▶ TASK BRIEF
Below are records with pictures in them. Output exactly the lines from the one with "Диета 8 Рецепты. Диета стол номер 8" through the one with "Alexis Jessica Girl", both included, and leave every picture out; give only those lines.

▶ INFORMATION SUPPLIED
:::::
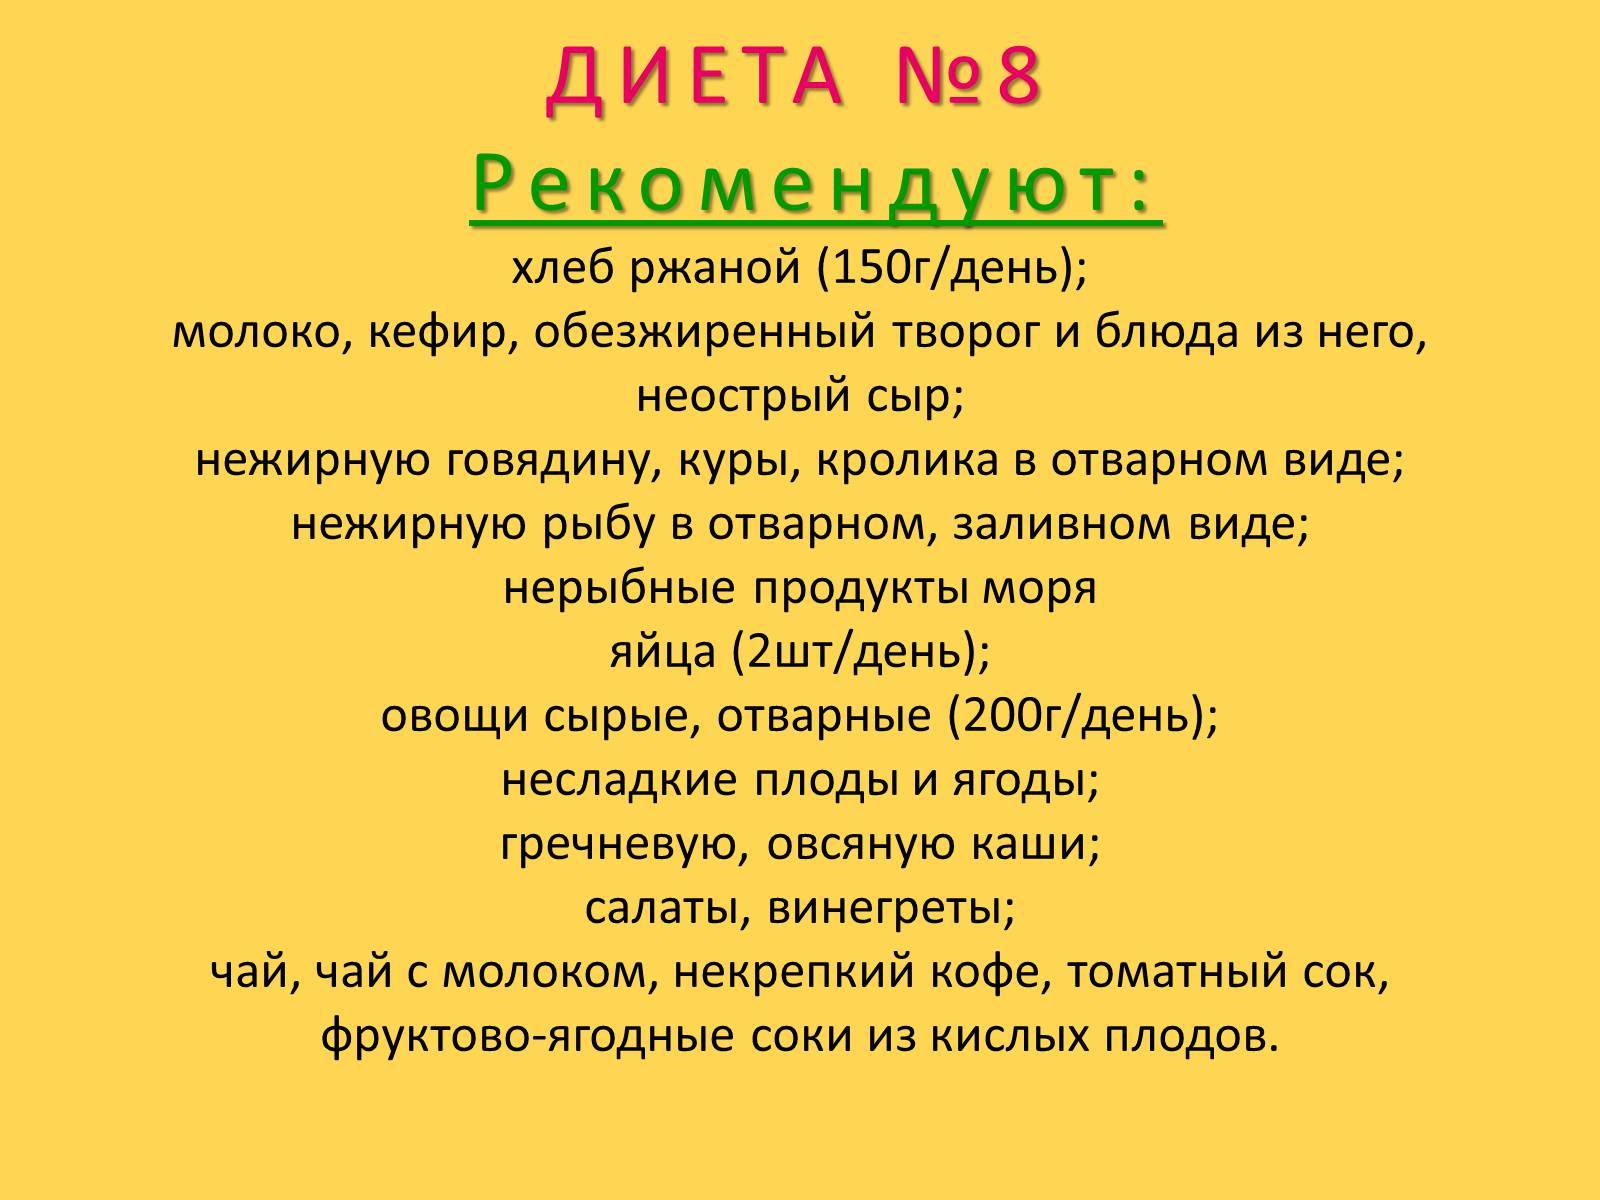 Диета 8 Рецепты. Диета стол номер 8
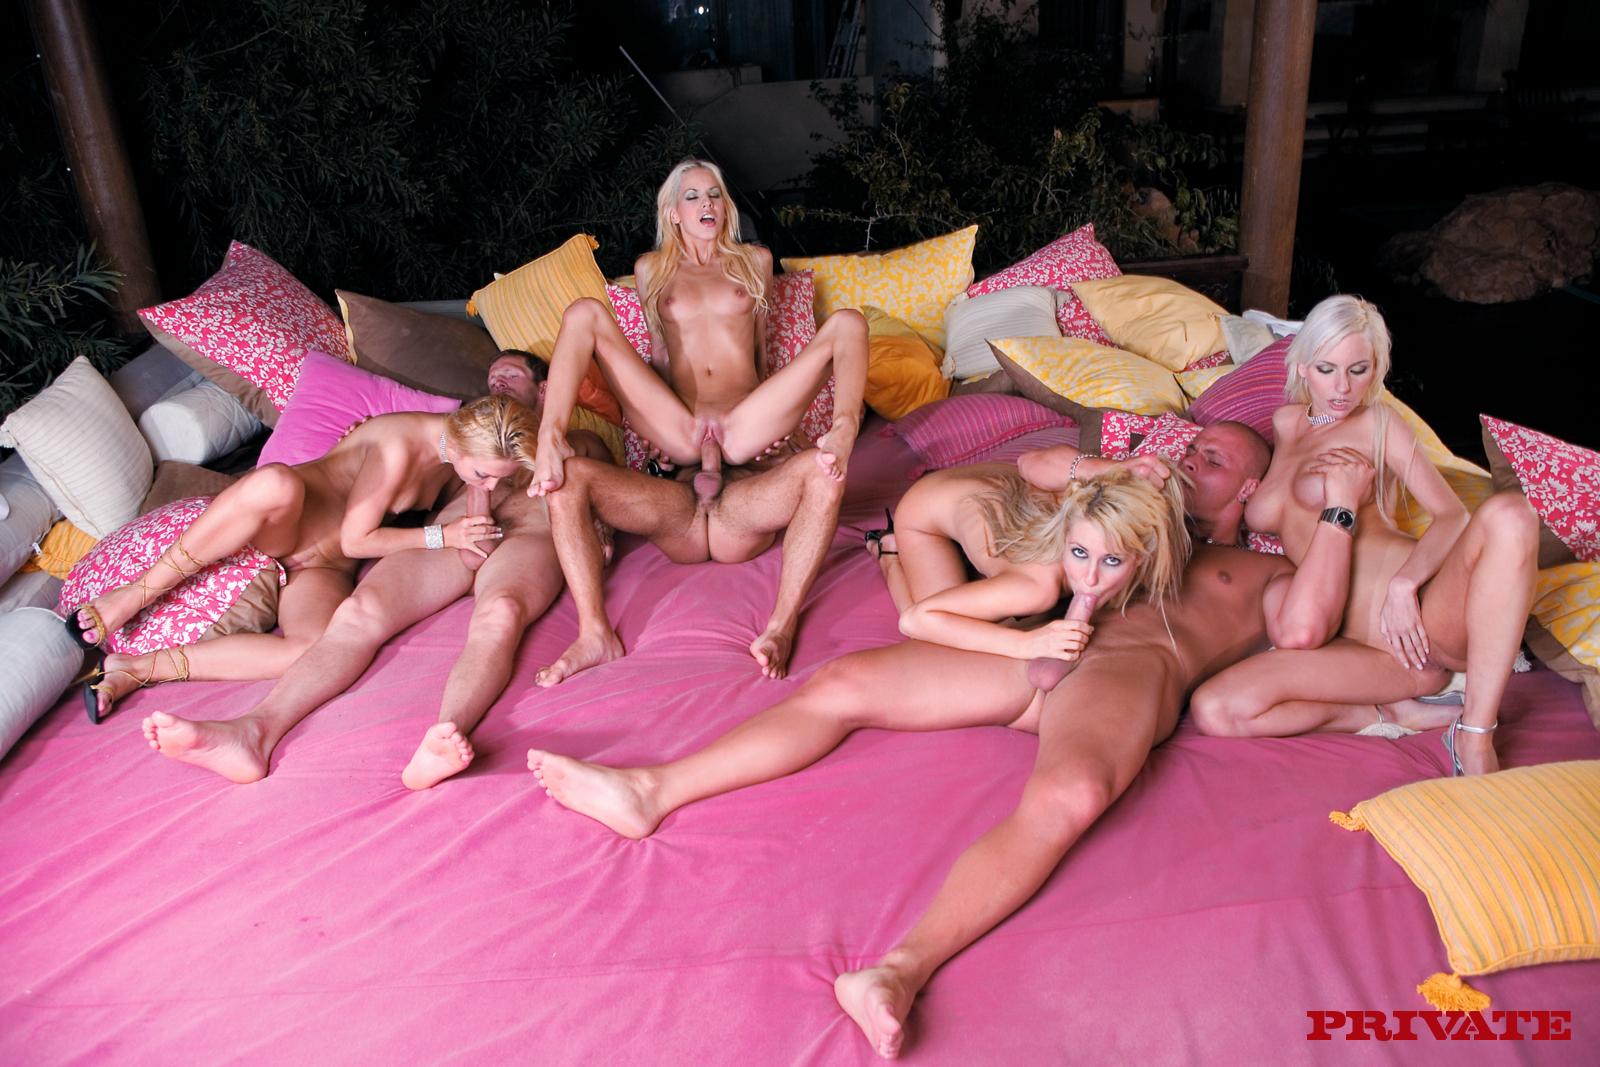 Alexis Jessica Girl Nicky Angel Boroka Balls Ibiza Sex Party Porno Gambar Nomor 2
:::::
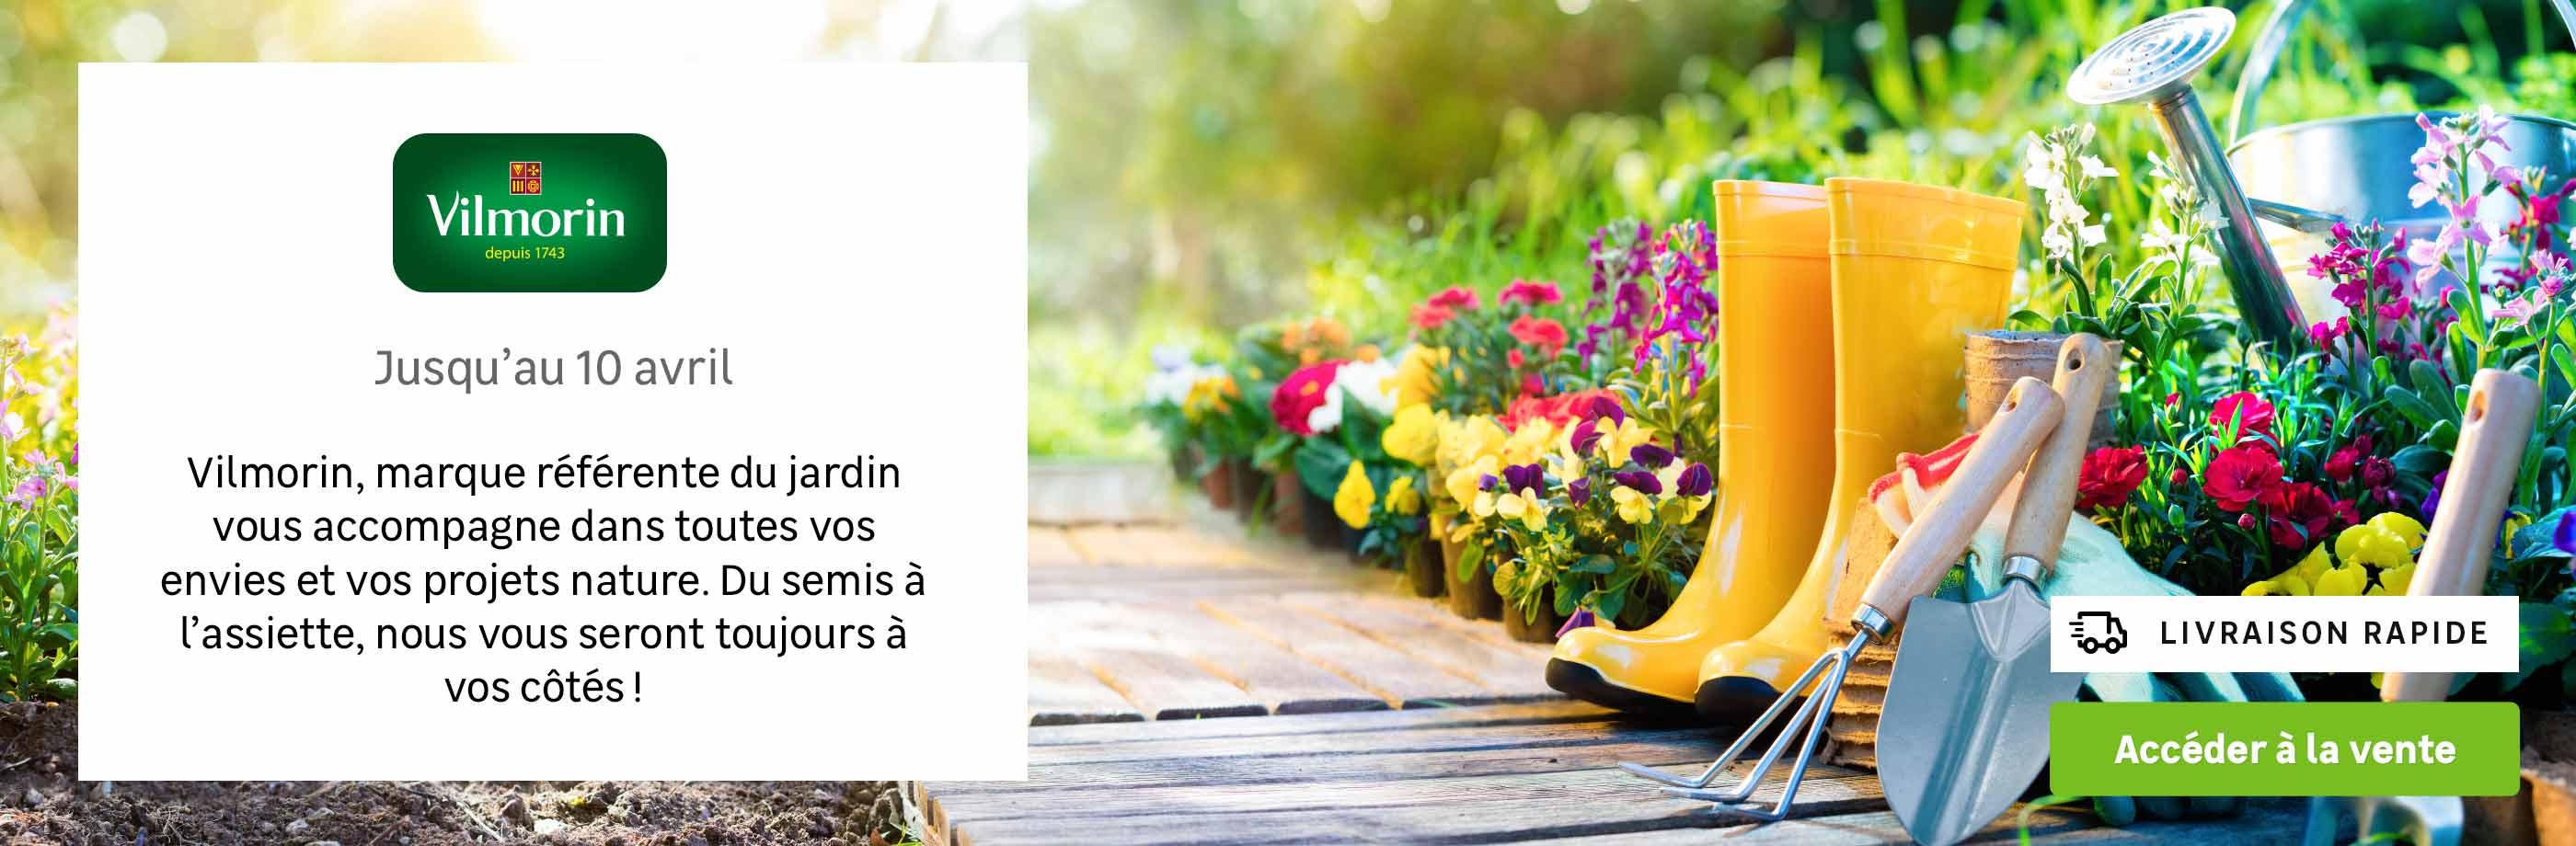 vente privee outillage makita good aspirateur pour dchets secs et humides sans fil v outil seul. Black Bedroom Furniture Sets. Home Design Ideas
:::::
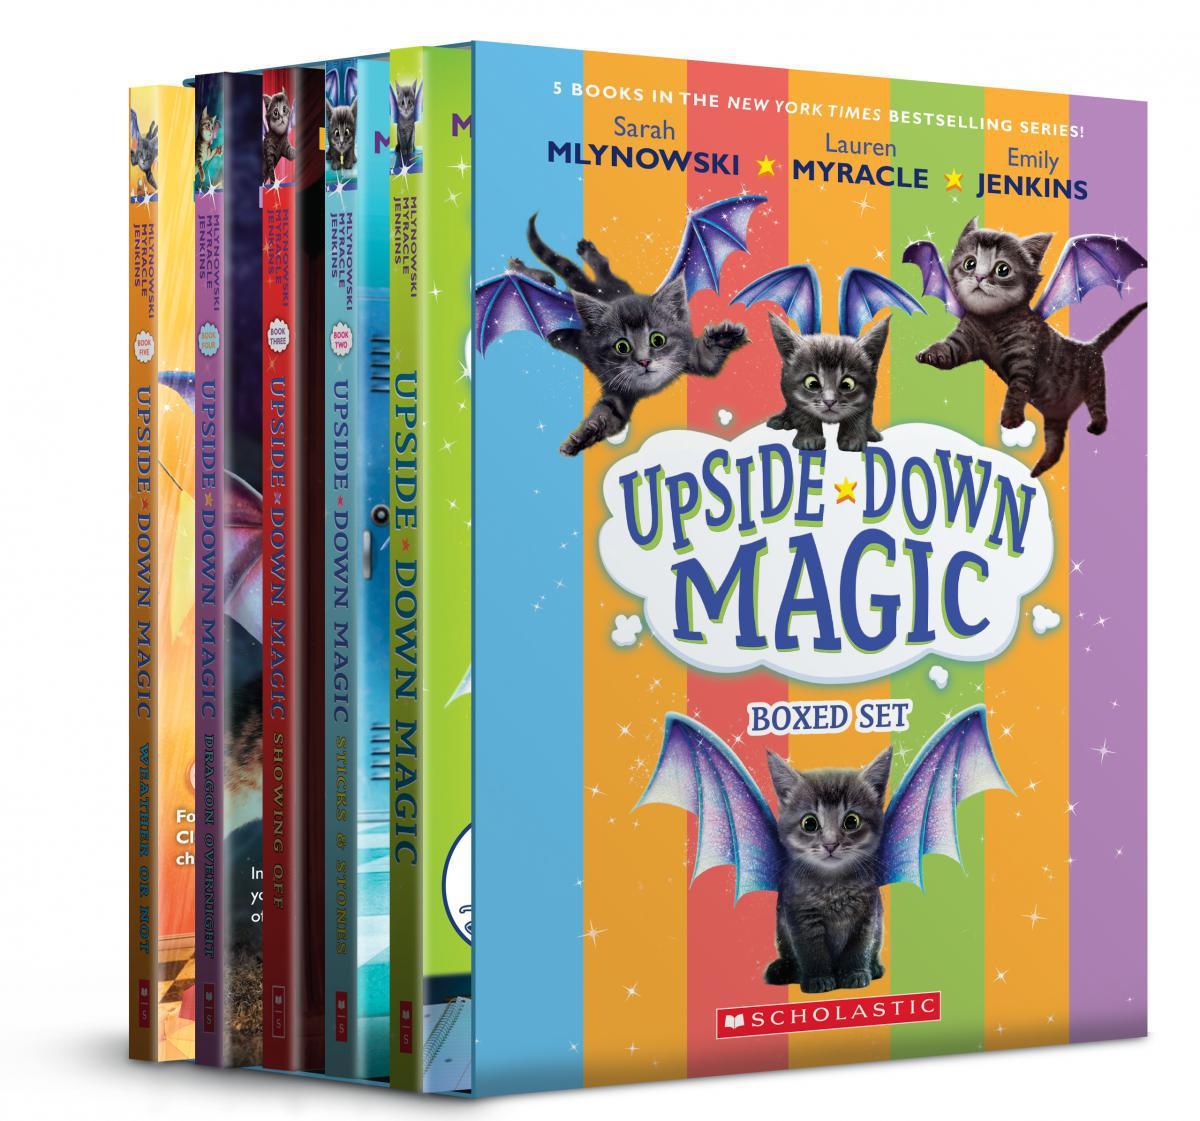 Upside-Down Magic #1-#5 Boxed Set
:::::
▶ SOLUTION TO THIS EXERCISE
 Диета 8 Рецепты. Диета стол номер 8
 Alexis Jessica Girl Nicky Angel Boroka Balls Ibiza Sex Party Porno Gambar Nomor 2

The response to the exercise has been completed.